◆ **Assignment**
Beginning with the first line, return the material verbatim and without pictures.

◆ **Information shown**
━━━━
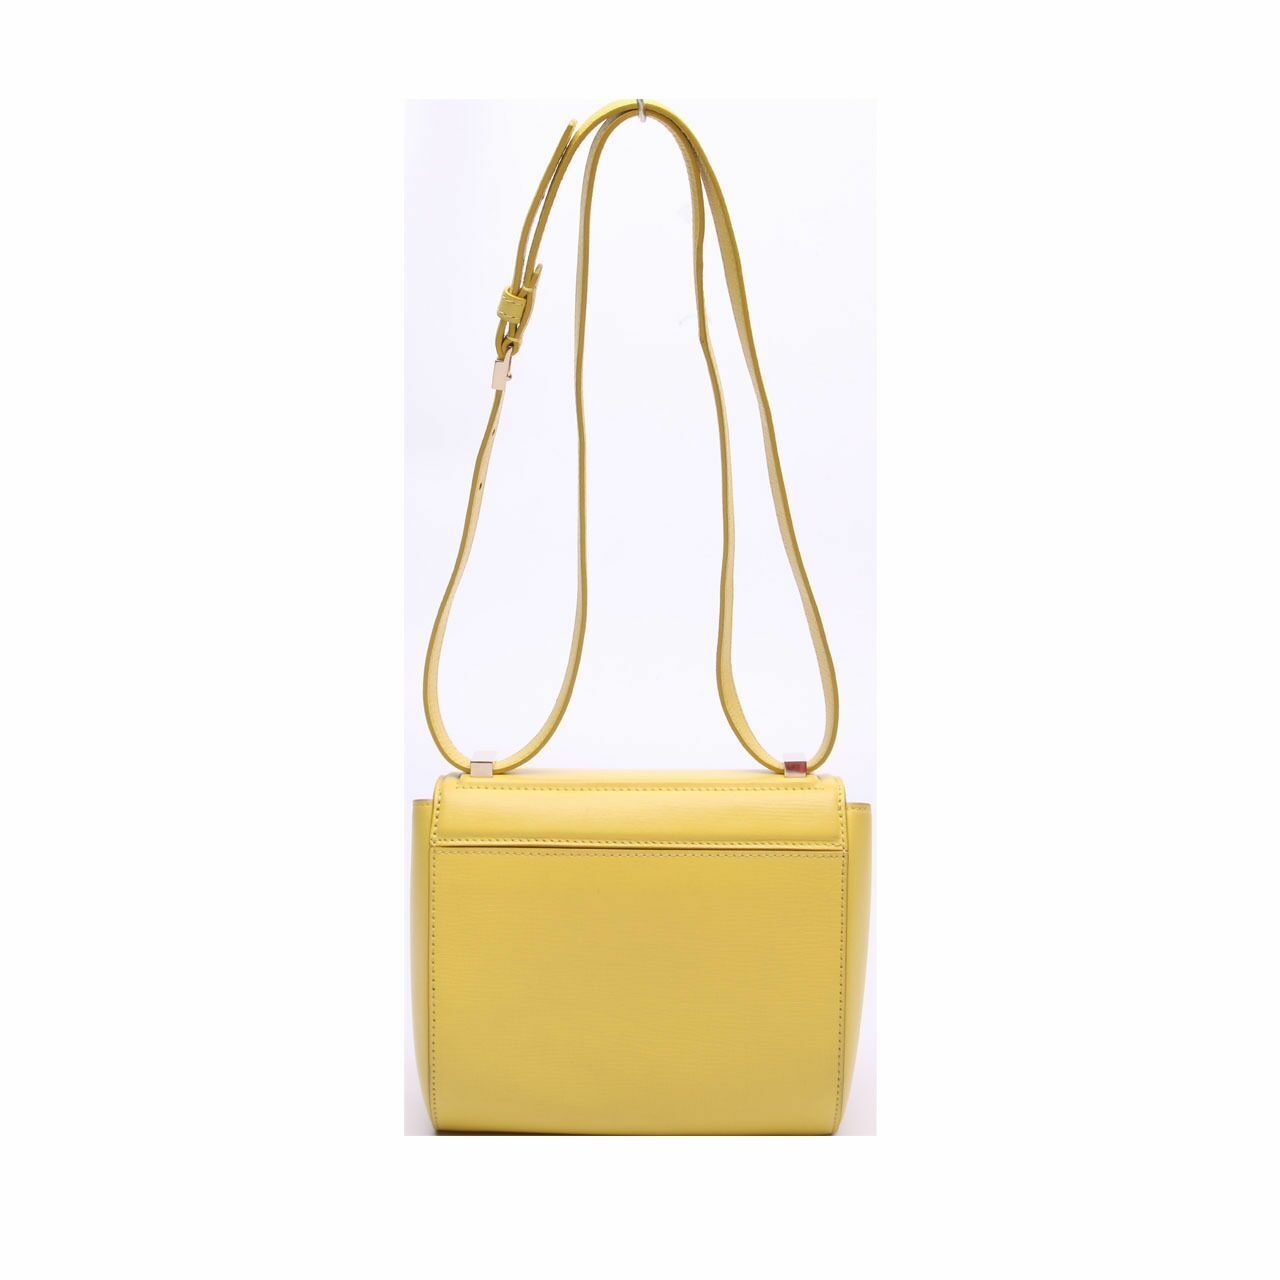 Givenchy Pandora Box Mini Yellow Sling Bag
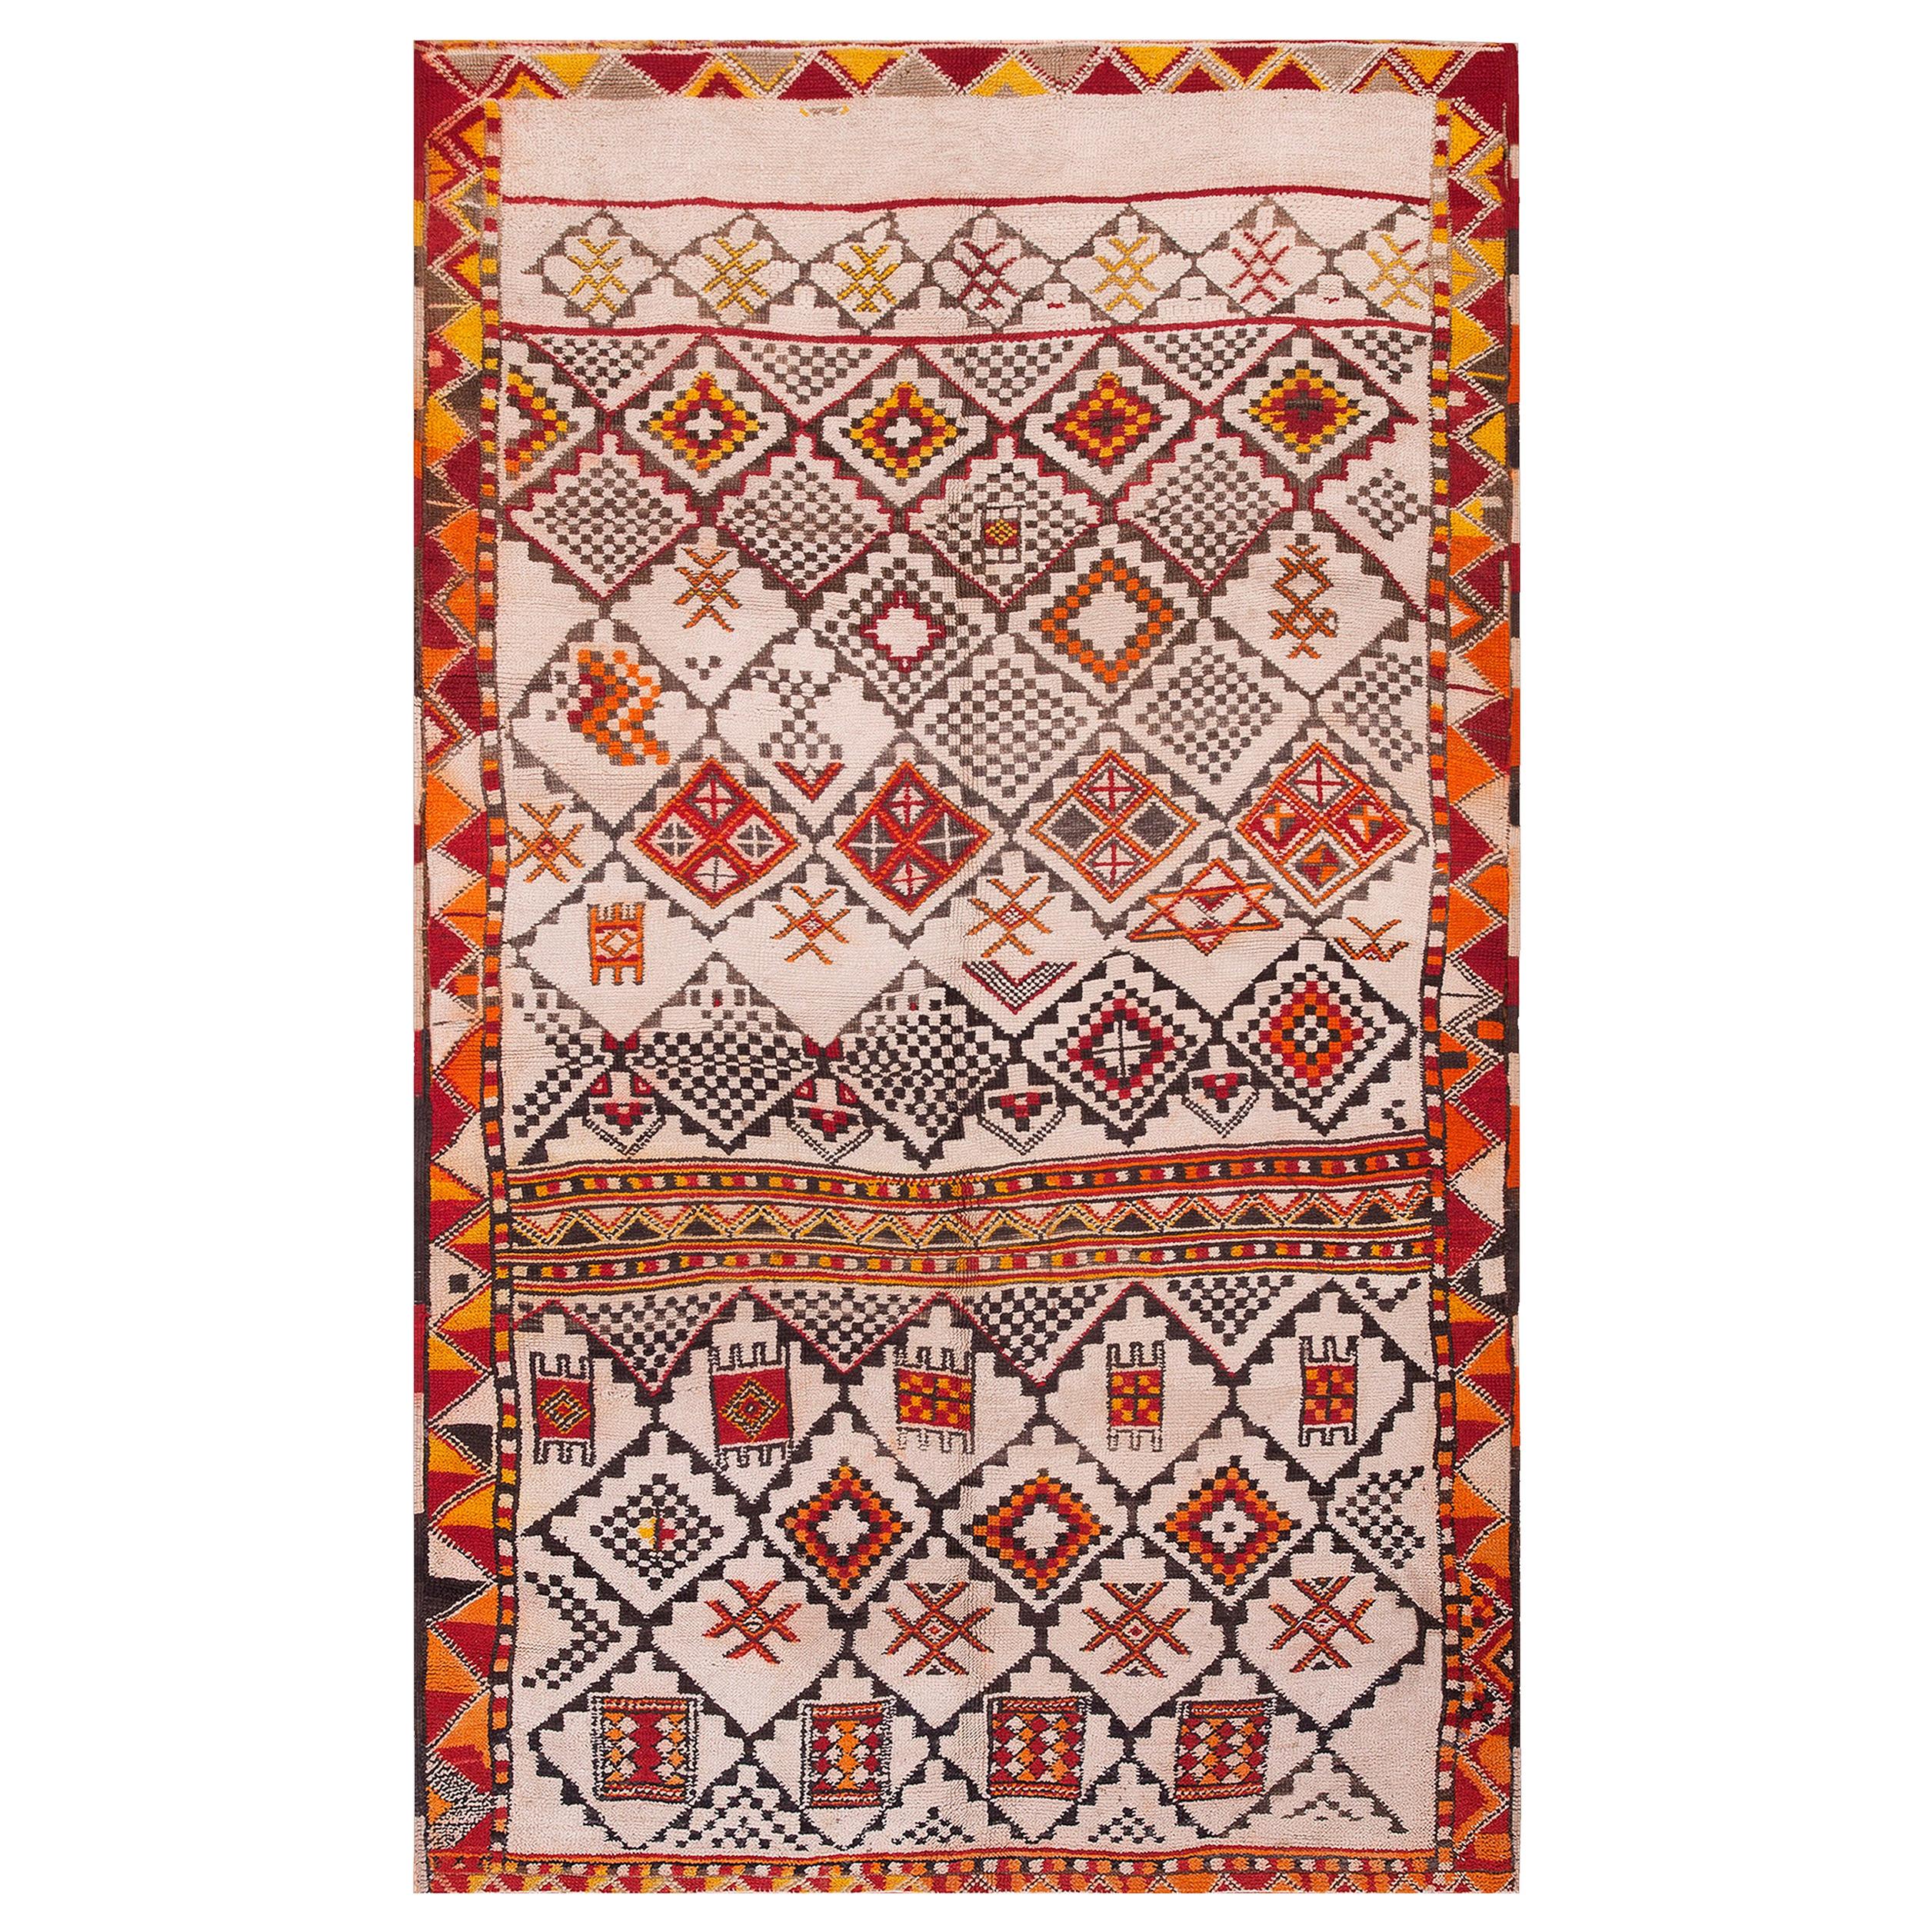 Antiker afrikanischer marokkanischer antiker Teppich
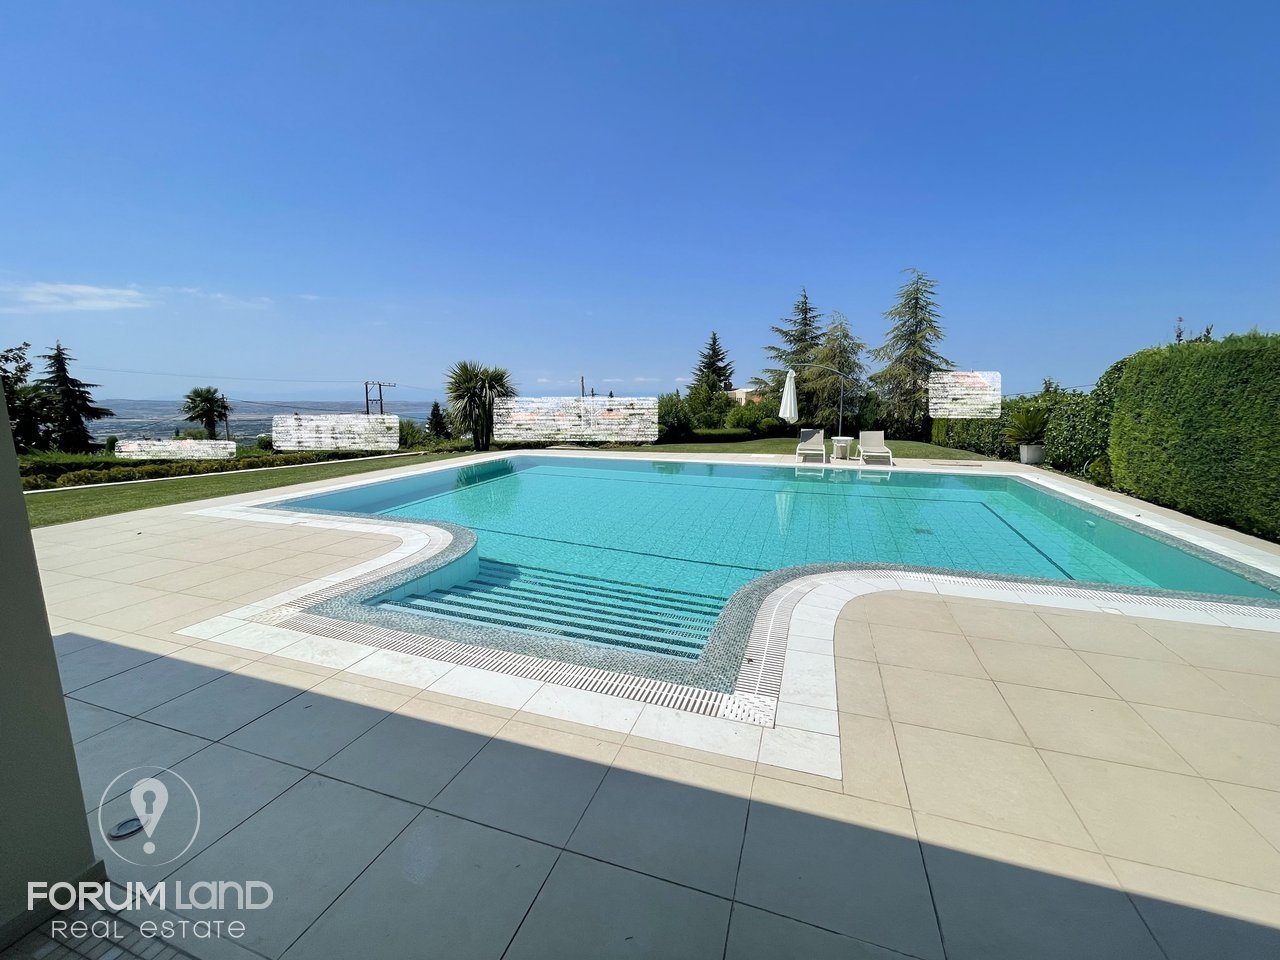 Forumland Real Estate, pool
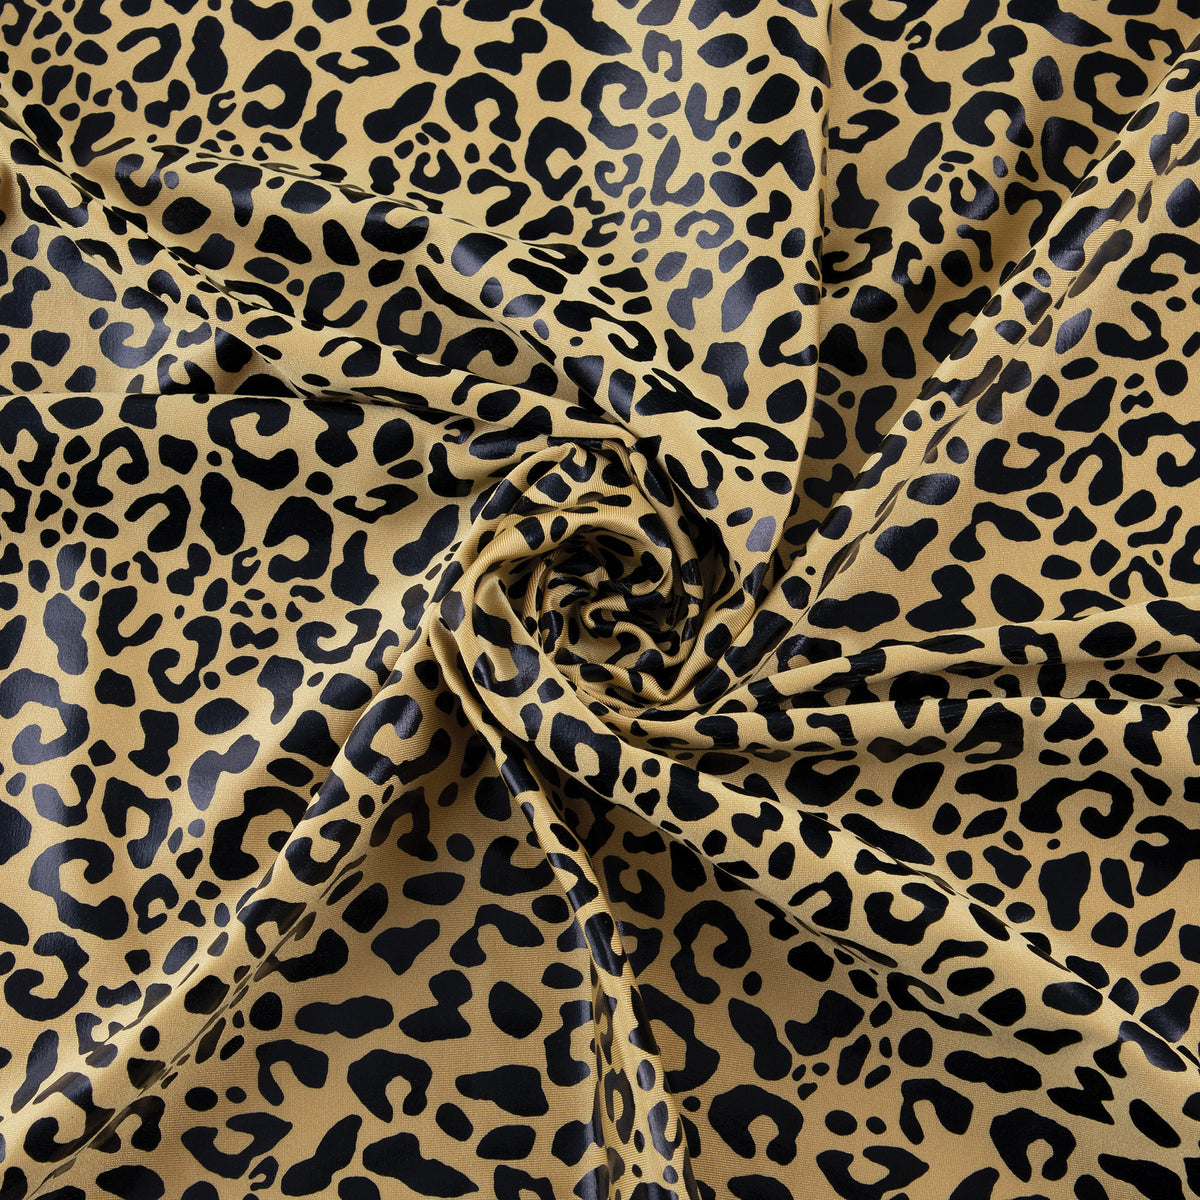 Stretch Fabric, Metallic Cheetah
━━━━
◆ **Response to the exercise**
 Givenchy Pandora Box Mini Yellow Sling Bag
 Antiker afrikanischer marokkanischer antiker Teppich
 Forumland Real Estate, pool
 Stretch Fabric, Metallic Cheetah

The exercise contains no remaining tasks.